In this patient who most likely has a primary central nervous system (CNS) lymphoma with evidence of mass effect, high-dose glucocorticoids should be administered immediately. Because the brain is enclosed in a fixed space, mass effect within the brain causes progressively increased intracranial pressure (ICP) that, if untreated, can lead to diffuse brain injury, permanent disability, and death. Headache is typically the first presenting symptom and is followed by nausea and vomiting; as ICP increases, more advanced findings include altered mental status, focal neurologic deficits (such as papilledema), and loss of consciousness. Because progression can be rapid, emergent CT or MRI imaging of the brain followed by immediate treatment are essential to avoid the late adverse consequences of increased ICP that lead to permanent neurologic dysfunction and death. Glucocorticoids remain the initial therapy of choice because of their rapid anti-inflammatory effect that decreases the edema associated with malignant mass lesions. Intravenous administration of dexamethasone is standard for later stages of increased ICP (impaired mentation, uncontrolled seizures) with a recommended dose of 8 to 10 mg every 6 hours. Higher-dose dexamethasone (100 mg/d) does not improve the response rate and is associated with more adverse effects.

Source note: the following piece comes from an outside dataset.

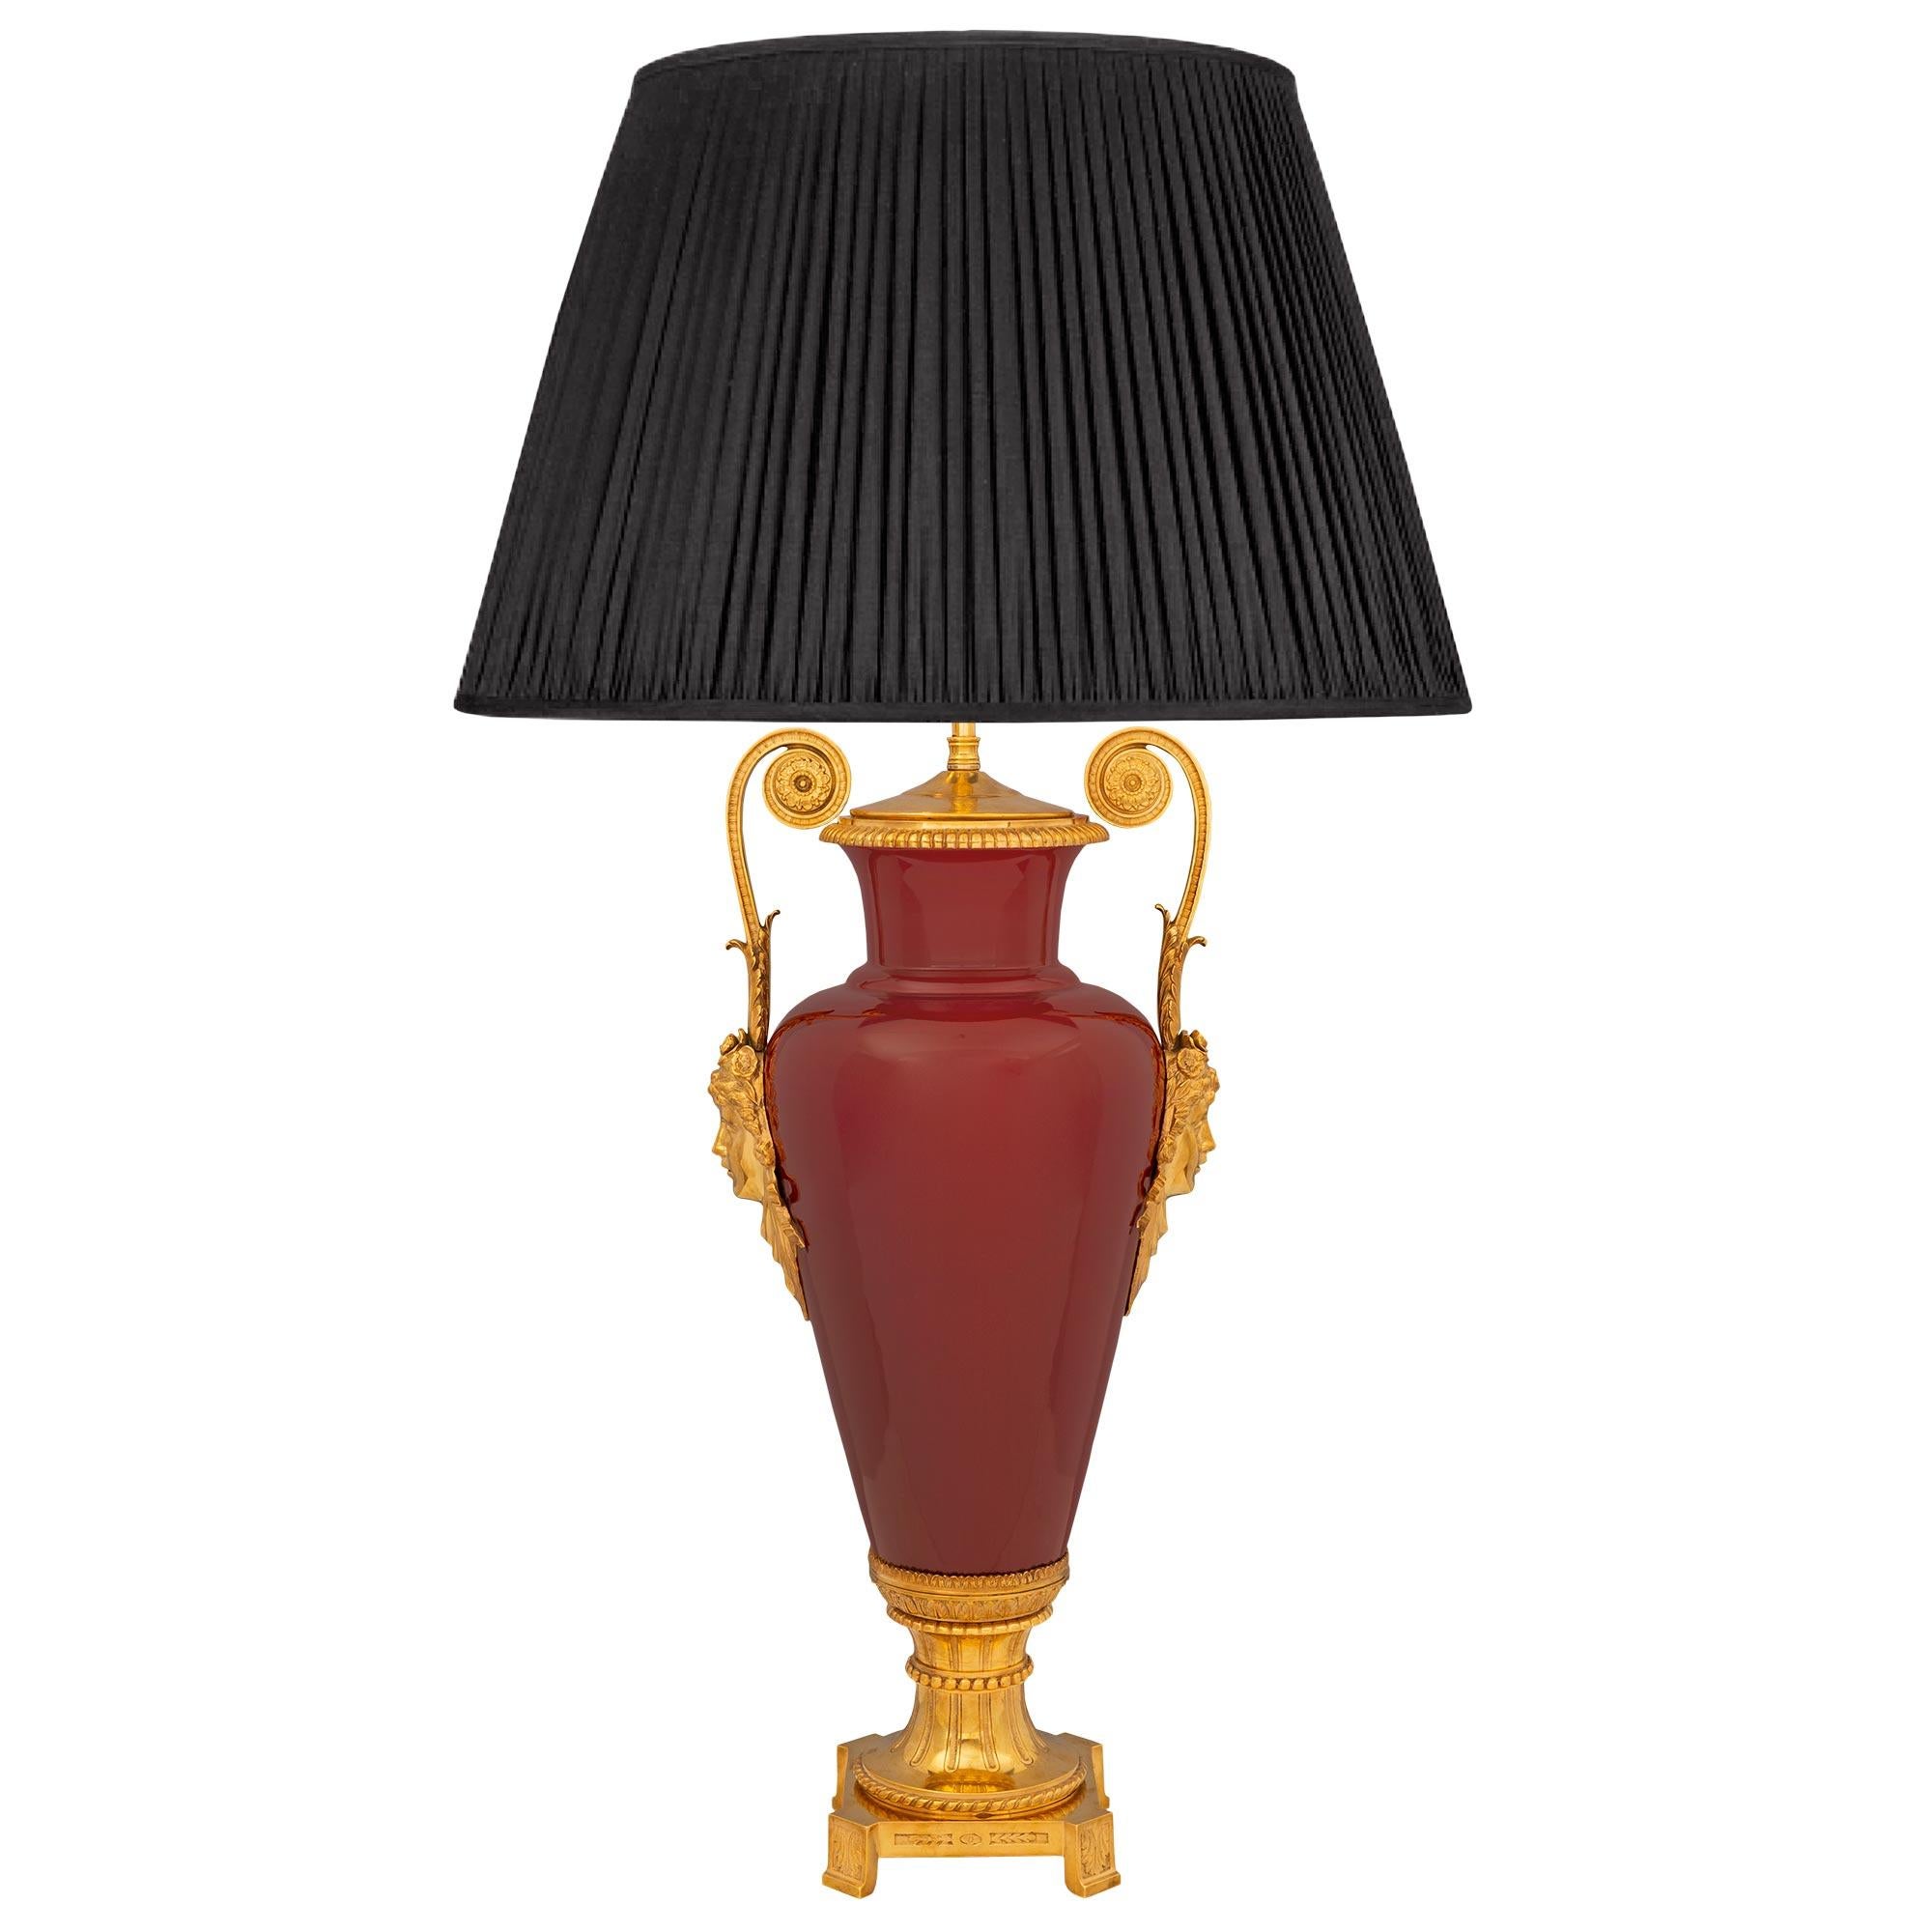 A large scale and most elegant French 19th century Louis XVI st. oxblood red porcelain and ormolu lamp. The lamp is raised by a square ormolu base with cut corners, foliate feet, and a fluted socle shaped pedestal support with fine beaded and

Metastatic tumors originating from lung cancer and cutaneous melanoma are the most common malignancy-related causes of increased ICP. These tumors, particularly melanoma, are also associated with intracerebral hemorrhage. Other less common causes of increased ICP related to malignancy include lymphoma, primary brain tumors, and germ cell tumors. Because treatment of ICP varies markedly depending on the cause, a tissue diagnosis of the mass lesion is important in guiding subsequent therapy. A primary CNS lymphoma is the most likely diagnosis in this young patient with a brain mass and HIV infection that is not optimally treated. Because lymphomas are extremely glucocorticoid sensitive, early administration may make obtaining a tissue sample difficult by distorting histologic findings; it is therefore preferable to obtain a biopsy in a stable patient with possible or likely CNS lymphoma prior to glucocorticoid therapy if there are minimal sequelae of increased ICP. However, in all patients with more advanced complications of increased ICP such as this patient, immediate glucocorticoid treatment is indicated.
Combination chemotherapy is appropriate only after initial steps are taken to lower the ICP and a tissue diagnosis is established, which has not yet been done in this patient.
Intracranial pressure monitoring is used to follow the effectiveness of therapies intended to decrease pressure in the cranial space and is most often used in association with severe traumatic brain injury. Although the benefit of pressure monitoring needs to be evaluated in an individual patient, it would not be appropriate to delay administration of glucocorticoids while assessing this patient for monitoring.
Either whole brain or stereotactic radiation therapy may be appropriate for some tumors causing increased ICP, but this therapy would be indicated only after the patient receives acute treatment and a tissue diagnosis is established.